Observation data: J2000 epoch
- Right ascension: 11^{h} 15^{m} 23^{s}
- Declination: −61° 15′ 00″
- Distance: 6,900 pc
- Apparent magnitude (V): 9.1
- Apparent diameter: 12.0'
- Constellation: Carina
- Designations: Gum 38b, Collinder 244, RCW 57

= NGC 3603 =

Open cluster in the constellation Carina

NGC 3603 is a nebula situated in the Carina–Sagittarius Arm of the Milky Way around 20,000 light-years away from the Solar System. It is a massive H II region containing a very compact open cluster (probably a super star cluster) HD 97950.

==Observations==

NGC 3603 (left) and NGC 3576 are star formation regions in the southern Milky Way.

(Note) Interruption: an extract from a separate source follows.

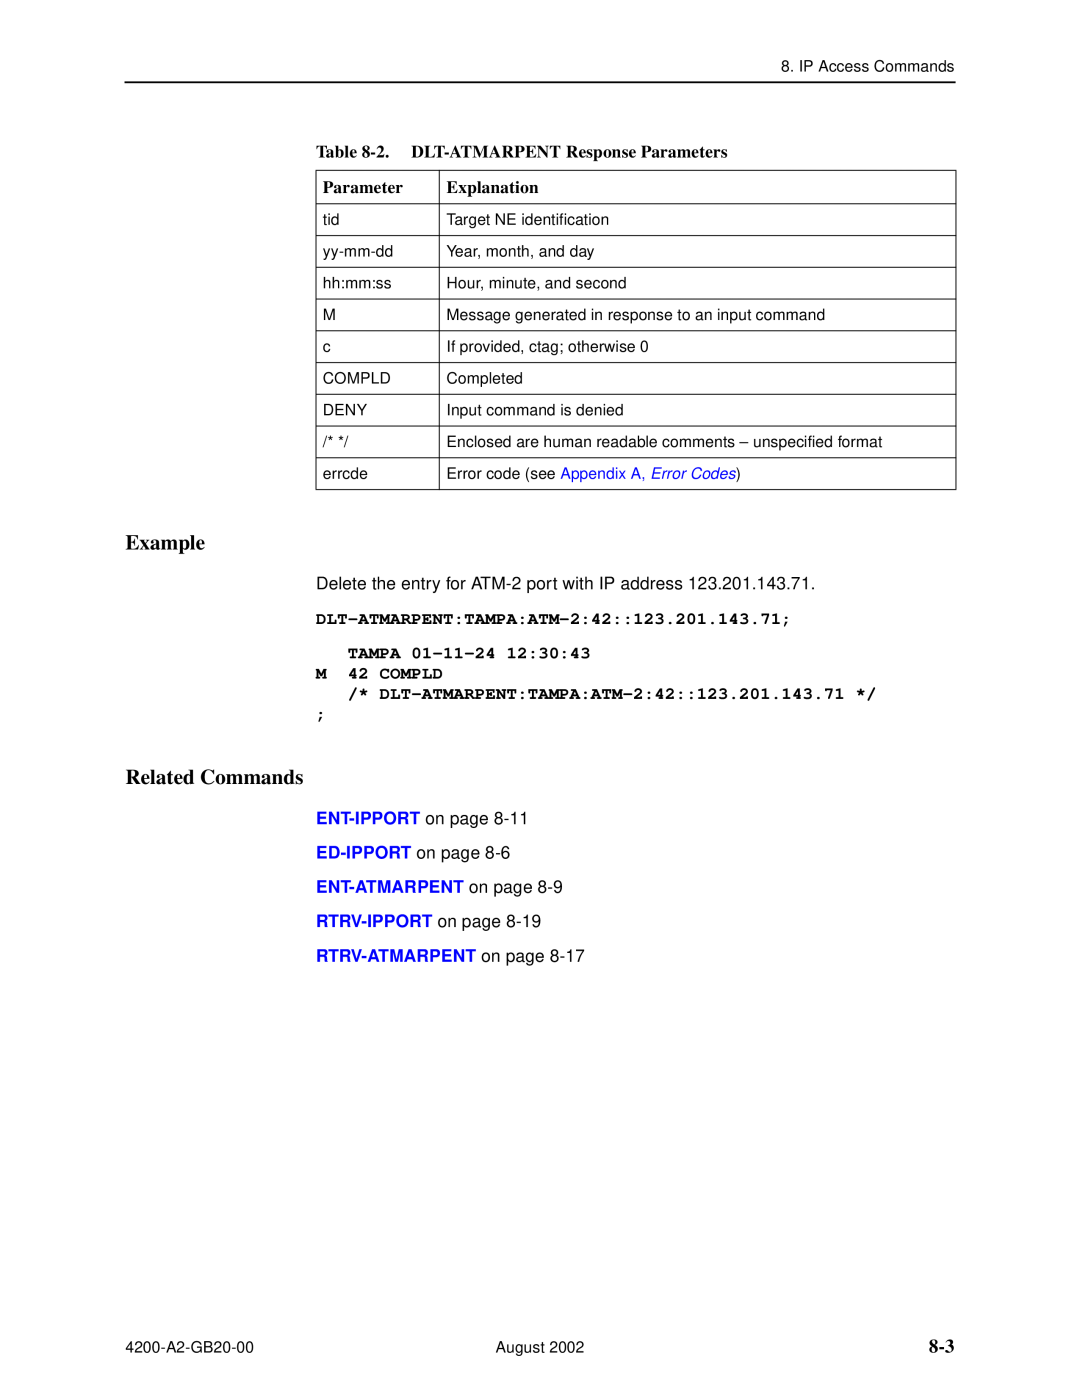 Paradyne 4200 2. DLT-ATMARPENT Response Parameters, DLT-ATMARPENTTAMPAATM-242123.201.143.71 TAMPA 01-11-24 M 42 COMPLD

NGC 3603 was observed by John Herschel on 14 March 1834 during his visit to South Africa, who remarked that it was "a very remarkable object...perhaps a globular cluster". Herschel catalogued it as nebula 3334 in his Results of Astronomical Observations made at the Cape of Good Hope, published in 1847. In 1864 the Royal Society published his General Catalogue of Nebulae and Clusters, where he listed it as number 2354. It was subsequently incorporated into the New General Catalogue as by J. L. E. Dreyer as NGC 3603.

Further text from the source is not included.